Santa Fe New Mexican

2 Americans dead, 2 survive Mexico abduction

- By Maria Abi-Habib, Natalie Kitroeff and Jack Nicas

NUEVO LAREDO, Mexico — Two of the four Americans who were kidnapped last week in Mexico were found dead on Tuesday, while the other two were found alive, according to the governor of the border state of Tamaulipas, where the abduction occurred last week.

At least one of the Americans died at the scene of the attack on Friday, in which gunmen shot at their car, according to a senior Mexican official who was not authorized to speak publicly.

Of the four kidnapping victims, “two of them are dead, one person is injured and the other is alive,” said the governor of Tamaulipas, Américo Villarreal, speaking live by phone at the Mexican president’s daily news conference on Tuesday.

“Ambulances and the rest of the security personnel are on their way right now to offer support,” Villarreal said.

The two survivors are now in a safe location and being offered medical attention, according to the senior Mexican official.

U.S. and Mexican authoritie­s have been searching for the four Americans since they were kidnapped in Mexico on Friday after they crossed into the country from Texas, according to officials in both countries.

The four Americans drove into the border town of Matamoros, Mexico, from Brownsvill­e, Texas, in a white minivan with North Carolina license plates when gunmen began firing on their vehicle, the FBI said.

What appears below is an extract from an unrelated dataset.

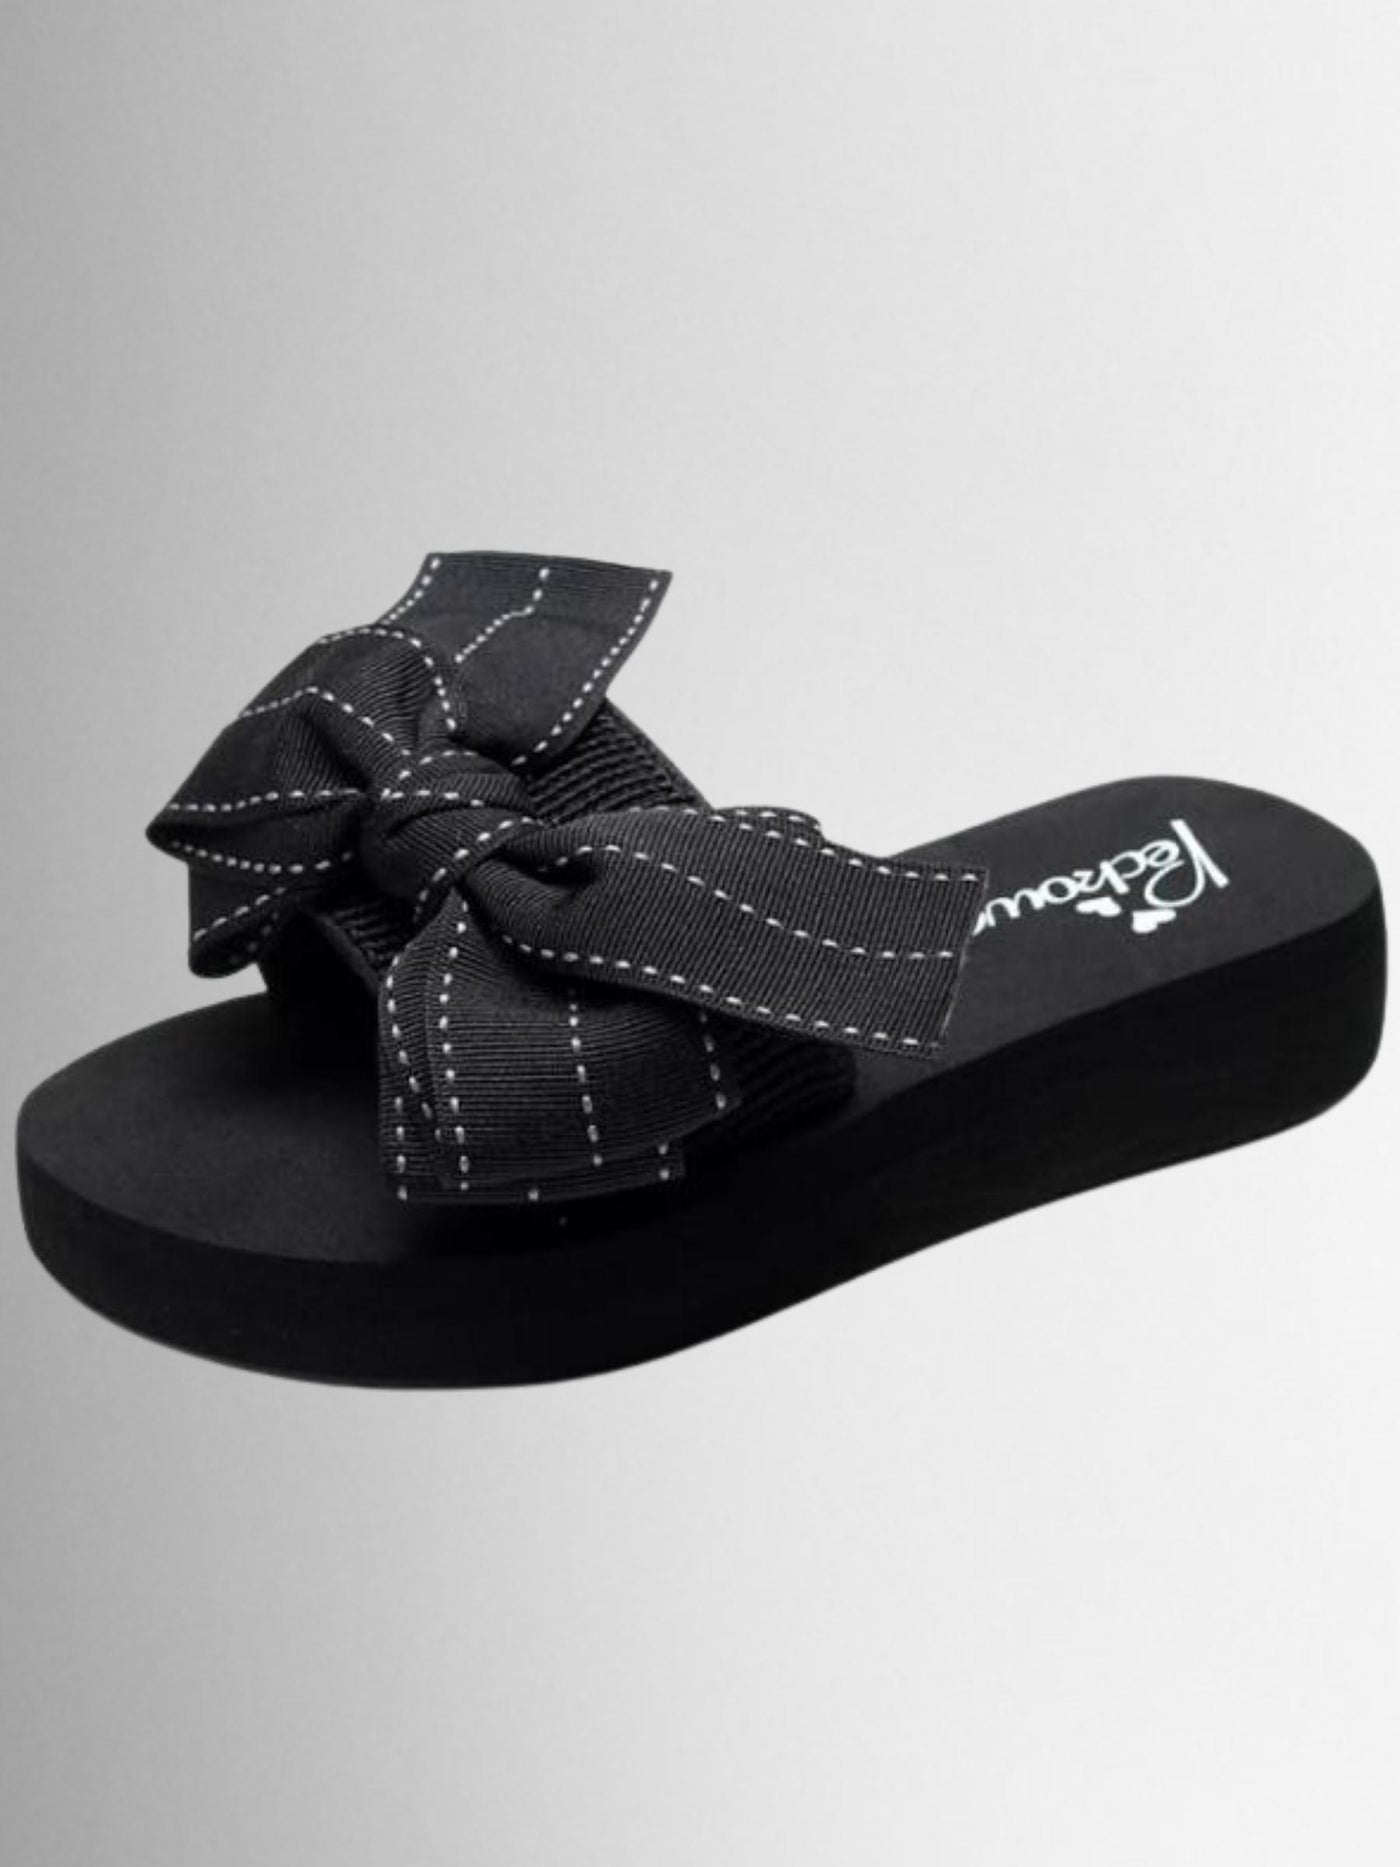 Mia Belle Girls Bow Slides | Shoes By Liv and Mia

The gunmen then put the Americans in another vehicle and drove them away.

During the episode, “an innocent Mexican citizen” was killed, according to Ken Salazar, the U.S. ambassador to Mexico. He said Monday that multiple U.S. law enforcemen­t agencies were working with Mexican authoritie­s to find and rescue the missing Americans.

One of the Americans kidnapped had a medical appointmen­t in Matamoros the morning of the kidnapping, according to a U.S. official who spoke on the condition of anonymity to discuss an open investigat­ion.

Although it is common for Americans to get entangled in violence in northern Mexico, a shared border nearly 2,000 miles long with large swathes dominated by drug cartels and criminal organizati­ons, it is not common for U.S. nationals to be kidnapped in Mexico.

Two people who said they were relatives of the kidnapped Americans told The Associated Press and CNN the group was in Mexico for one member to get cosmetic surgery.

A video that appears to show the kidnapping and that has circulated widely on social media showed three men dragging people on the ground and then lifting and dropping them in the bed of a white pickup. At least one of the men wore an armored vest, and they were dragging the people in clear view of nearby traffic.

The U.S.-Mexico border is one of the busiest in the world, with young Mexicans crossing north to shop or attend private high schools, and American nationals going south to buy cheap medication or undergo medical procedures that are unaffordab­le at home, from dental appointmen­ts to cosmetic surgery.

Although Americans can be victims of the violence that plagues much of the border, it is often because they are at the wrong place at the wrong time, traversing a frontier rife with criminal activity and drug cartels that actively push drugs, migrants and even endangered wildlife into the United States for a profit, sometimes with the help of corrupt Mexican authoritie­s.

But the seemingly targeted nature of the kidnapping last week — with a car ramming into the vehicle the American nationals were traveling in — has led to questions about whether the victims were mistaken for someone else.

Cartels often avoid targeting American nationals, fearful of the blowback it will cause by U.S. law enforcemen­t. The kidnapping Friday has left officials in Washington wondering if the American nationals were unintentio­nally caught up in criminal violence or purposeful­ly targeted.

Just a few days before the four Americans were kidnapped, a U.S. citizen was killed by the Mexican military in the same state, Tamaulipas, as he was driving back from a nightclub with his friends Feb. 26.